И он отошел, положив на указанное ему место то, что держал в руке.
Наши сердца трепетали; нам казалось, что это действительно кольцо. Но было ли это кольцо моего отца?
Селим, не выпуская из рук зажженный факел, подошел, наклонился, озаренный лучом света, и поднял кольцо с земли.
«Кольцо господина, — сказал он, целуя его, — хорошо!»
И повернув факел к земле, он наступил на него ногой и погасил.
Посланец испустил крик радости и хлопнул в ладоши. По этому сигналу вбежали четыре воина сераскира Куршида, и Селим упал, пронзенный пятью кинжалами.
Тогда, опьяненные своим преступлением, хотя еще бледные от страха, они ринулись в подземелье, разыскивая, нет ли где огня, и хватаясь за мешки с золотом.
Тем временем мать схватила меня на руки и, легкая и проворная, побежала по известным только нам переходам к потайной лестнице, ведшей в верхнюю часть убежища, где царила страшная суматоха.
Залы были полны чодоарами Куршида — нашими врагами.
В ту секунду, когда моя мать уже собиралась распахнуть дверь, прогремел грозный голос паши.
Моя мать припала лицом к щели между досками; перед моими глазами случайно оказалось отверстие, и я заглянула в него.
«Что нужно вам?» — говорил мой отец людям, которые держали бумагу с золотыми буквами.
«Мы хотим сообщить тебе волю его величества, — сказал один из них. — Ты видишь этот фирман?»
«Да, вижу», — сказал мой отец.
«Так прочти, он требует твоей головы».
Мой отец ответил раскатами хохота, более страшного, чем всякая угроза. Он все еще смеялся, спуская курки двух своих пистолетов.
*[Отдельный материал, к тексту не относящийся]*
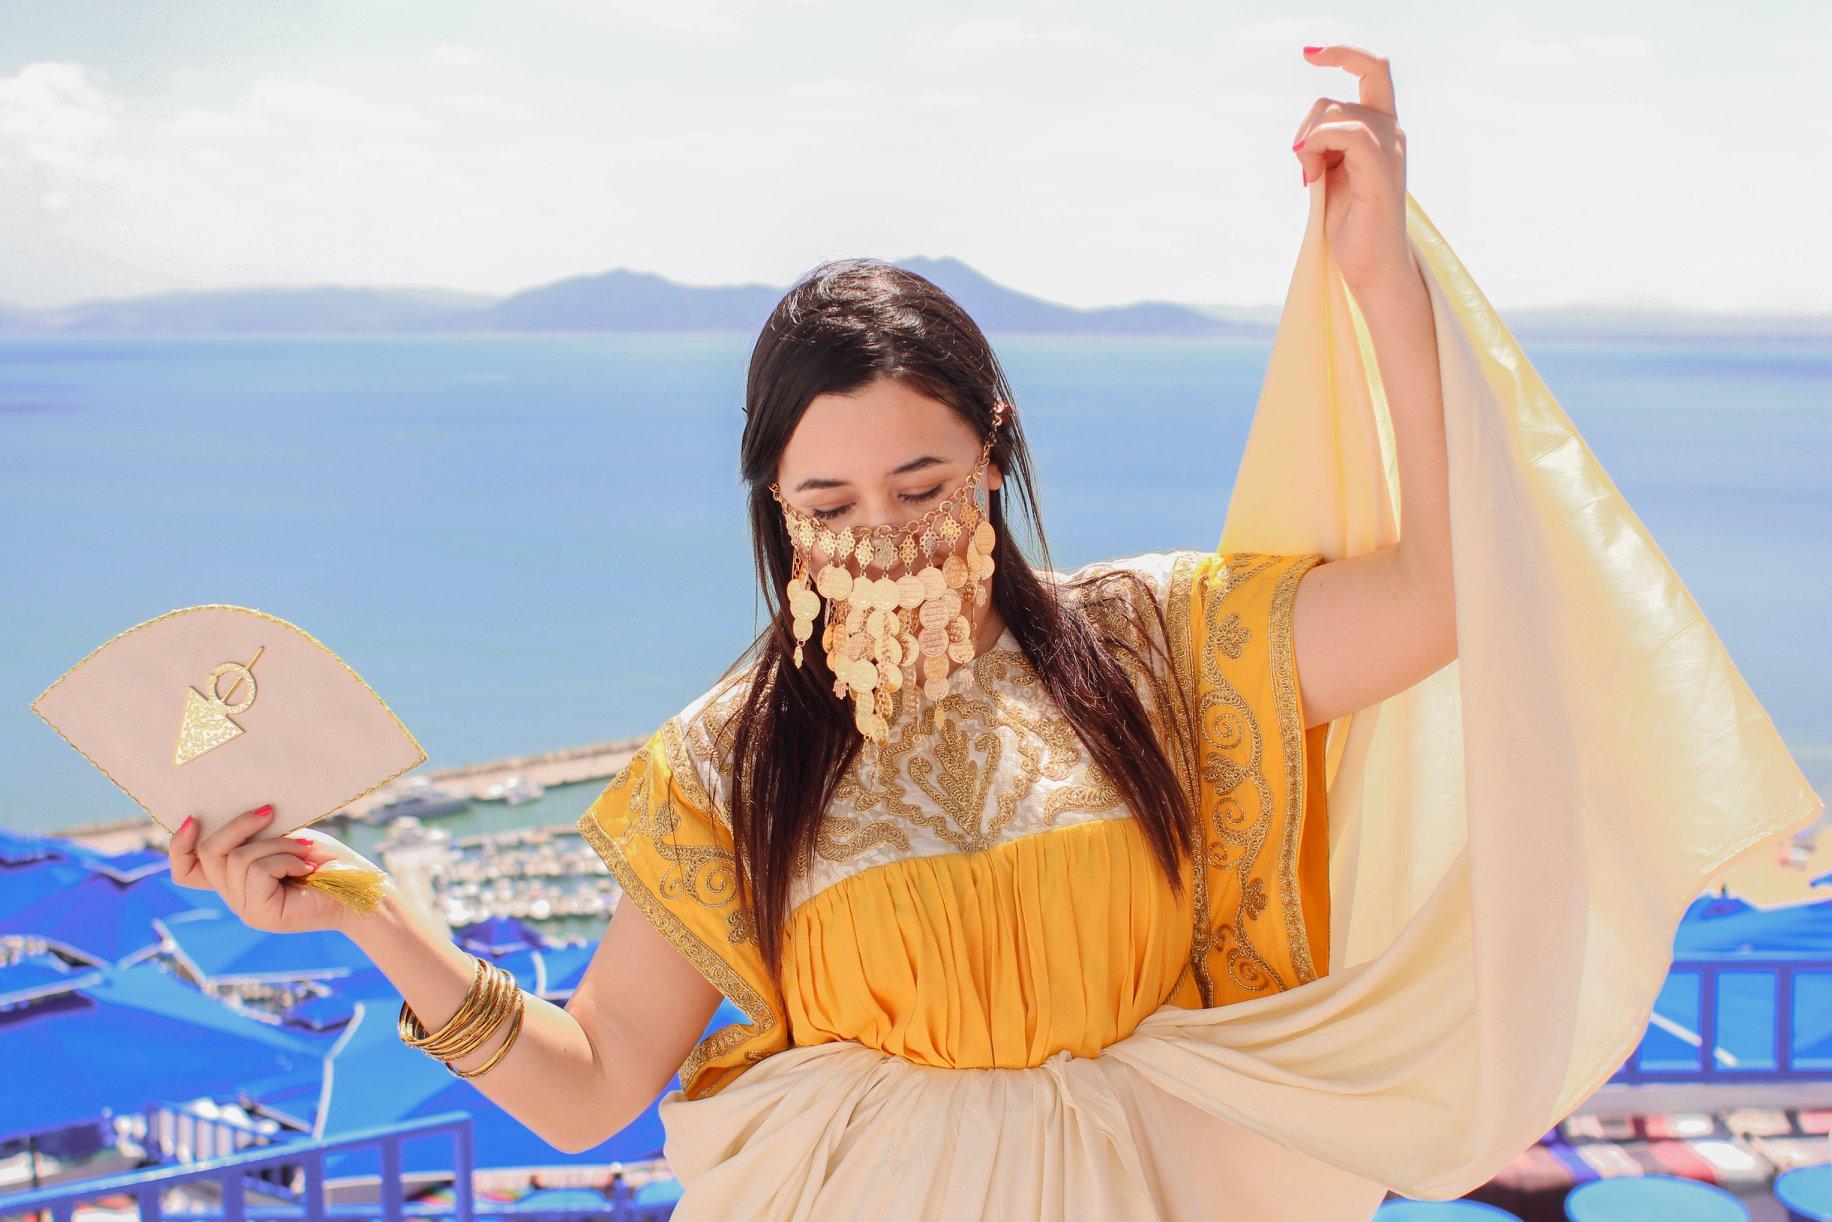 rahma3_plus_belles_mariées_tunisiennes_190_2019

Грянули два выстрела, и два человека упали мертвыми.
Паликары, лежавшие ничком вокруг моего отца, вскочили и открыли огонь; комната наполнилась грохотом, пламенем и дымом.
В тот же миг и с другой стороны началась пальба, и пули начали пробивать доски рядом с нами.
О, как прекрасен, как величествен был визирь Али-Тебелин, мой отец, среди пуль, с кривой саблей в руке, с лицом, почерневшим от пороха! Как перед ним бежали враги!
«Селим! Селим! — кричал он. — Хранитель огня, исполни свой долг!»
«Селим мертв, — ответил чей-то голос, как будто исходивший со дна убежища, — а ты, господин мой Али, ты погиб!»
В тот же миг раздался глухой залп, и пол вокруг моего отца разлетелся на куски.
Чодоары стреляли сквозь пол. Три или четыре паликара упали, сраженные пулями снизу, и тела их были изрешечены пулями.
Мой отец зарычал, вцепился пальцами в пробоины от пуль и вырвал из пола целую доску.
Но тут из этого отверстия грянуло двадцать выстрелов, и огонь, вырываясь, словно из кратера вулкана, охватил обивку стен и пожрал ее.
Среди этого ужасающего шума, среди этих страшных криков два самых громких выстрела, два самых раздирающих крика заставили меня похолодеть от ужаса. Эти два выстрела смертельно ранили моего отца, и это он дважды закричал так страшно.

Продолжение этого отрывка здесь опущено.